## Exercise aim
All lines from the one containing "Tobano Pizzeria & Grill - Menukort" through the final line of the listing below, and no others, must be returned exactly; no pictures belong in the copy.
--- Data shown Enclosed Below ---
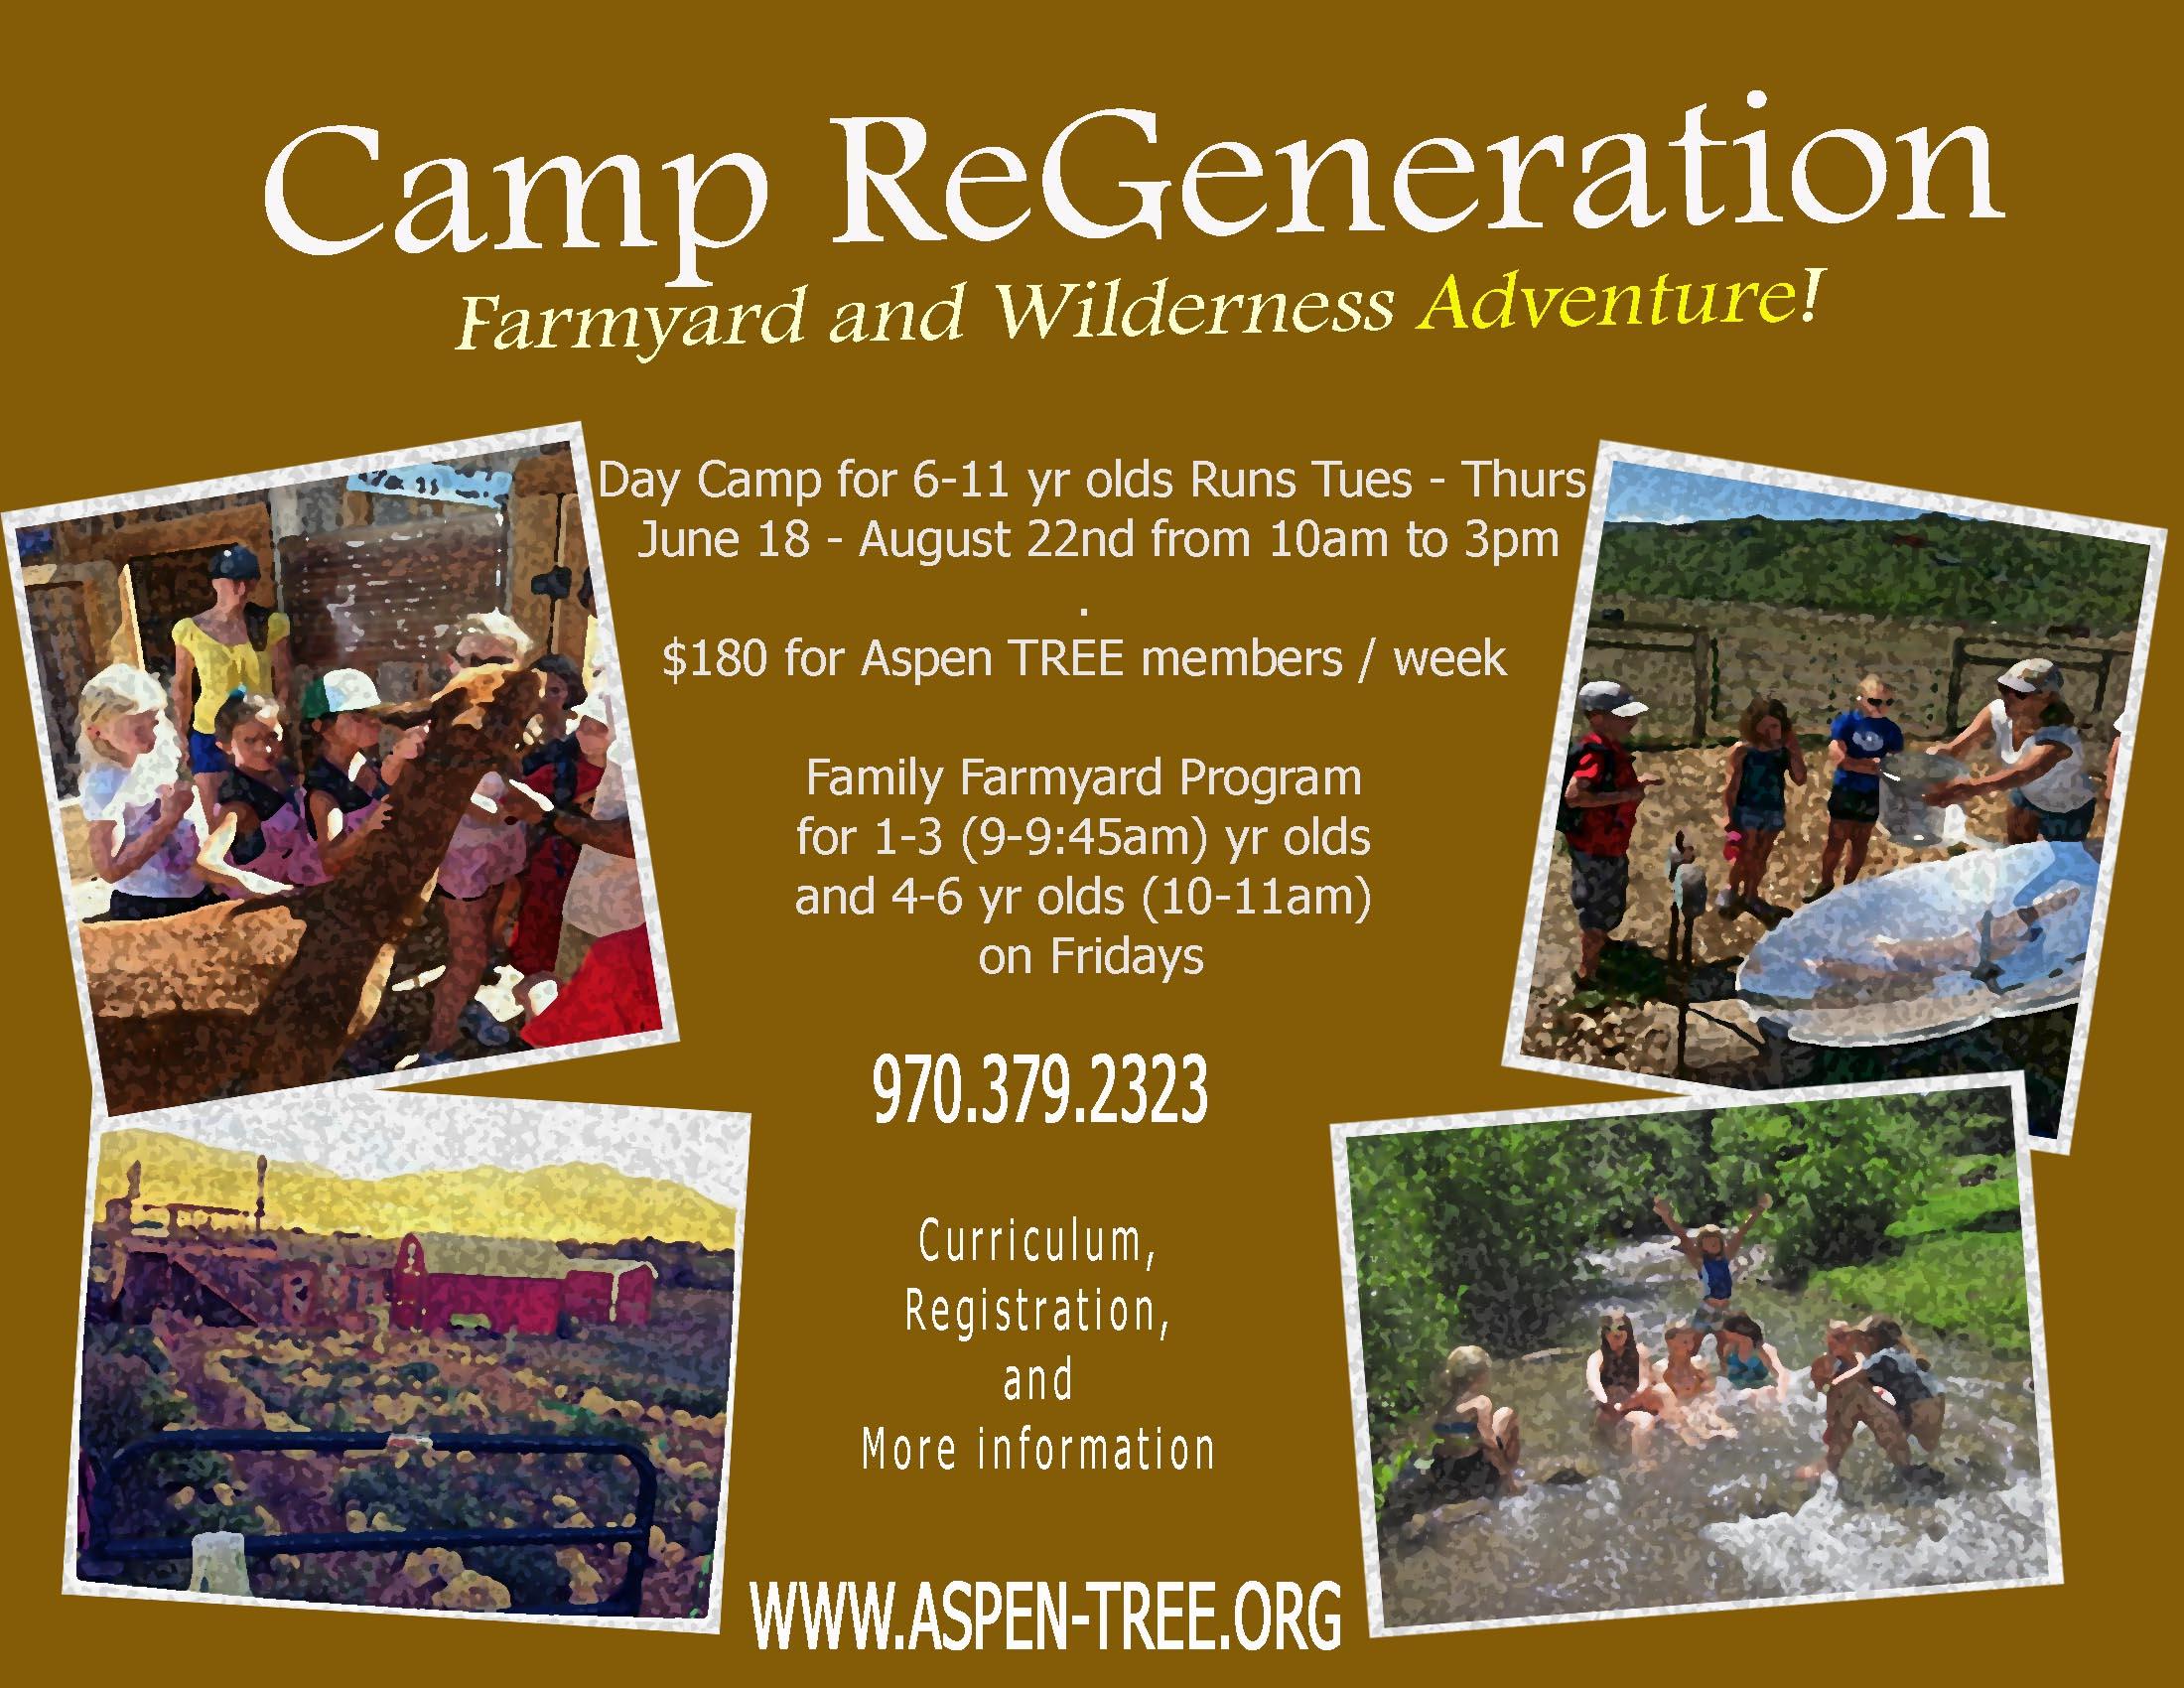 camp_regen_2013_flier_for email.jpg
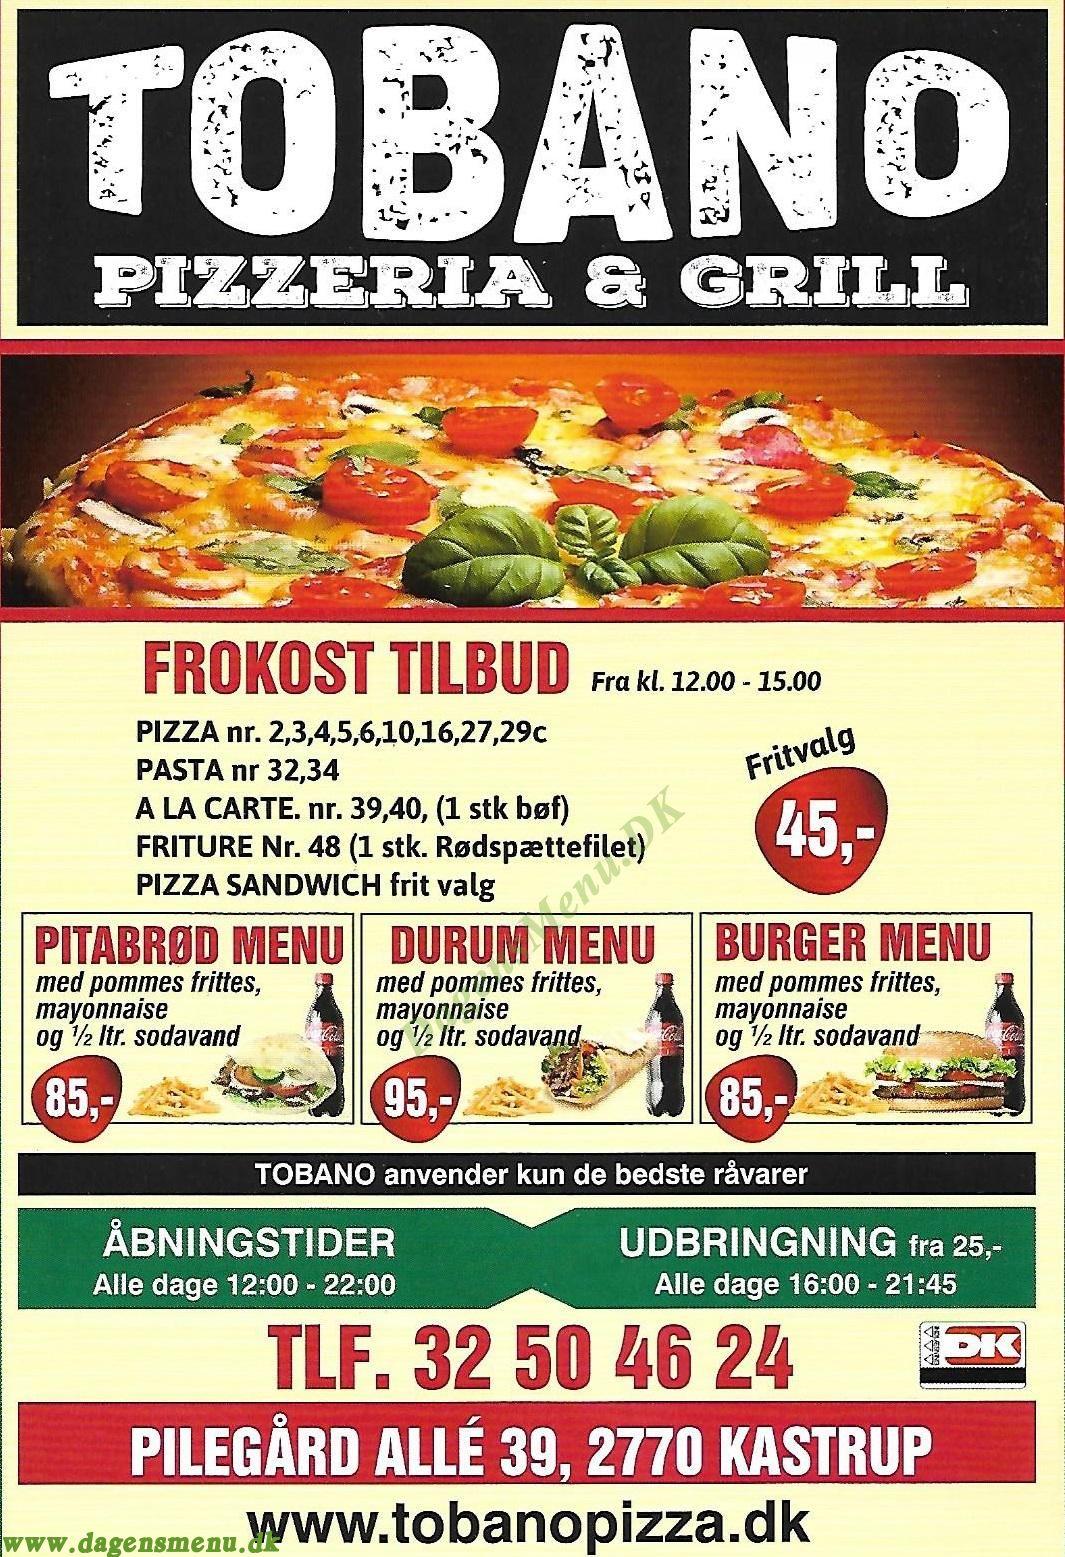 Tobano Pizzeria & Grill - Menukort
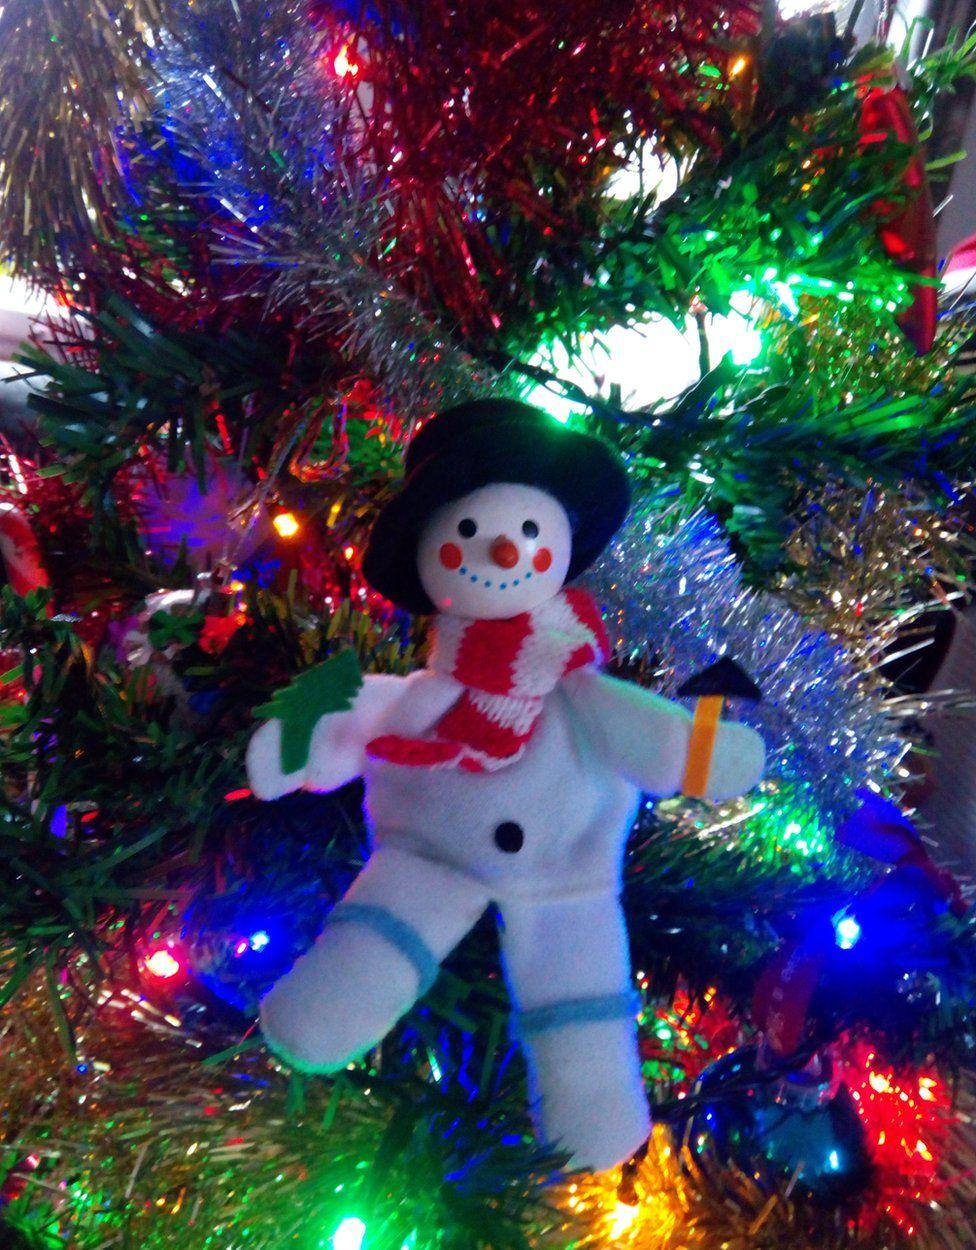 A snowman on a Christmas tree
--- End of Enclosed Data shown ---
## Expected output
 Tobano Pizzeria & Grill - Menukort
 A snowman on a Christmas tree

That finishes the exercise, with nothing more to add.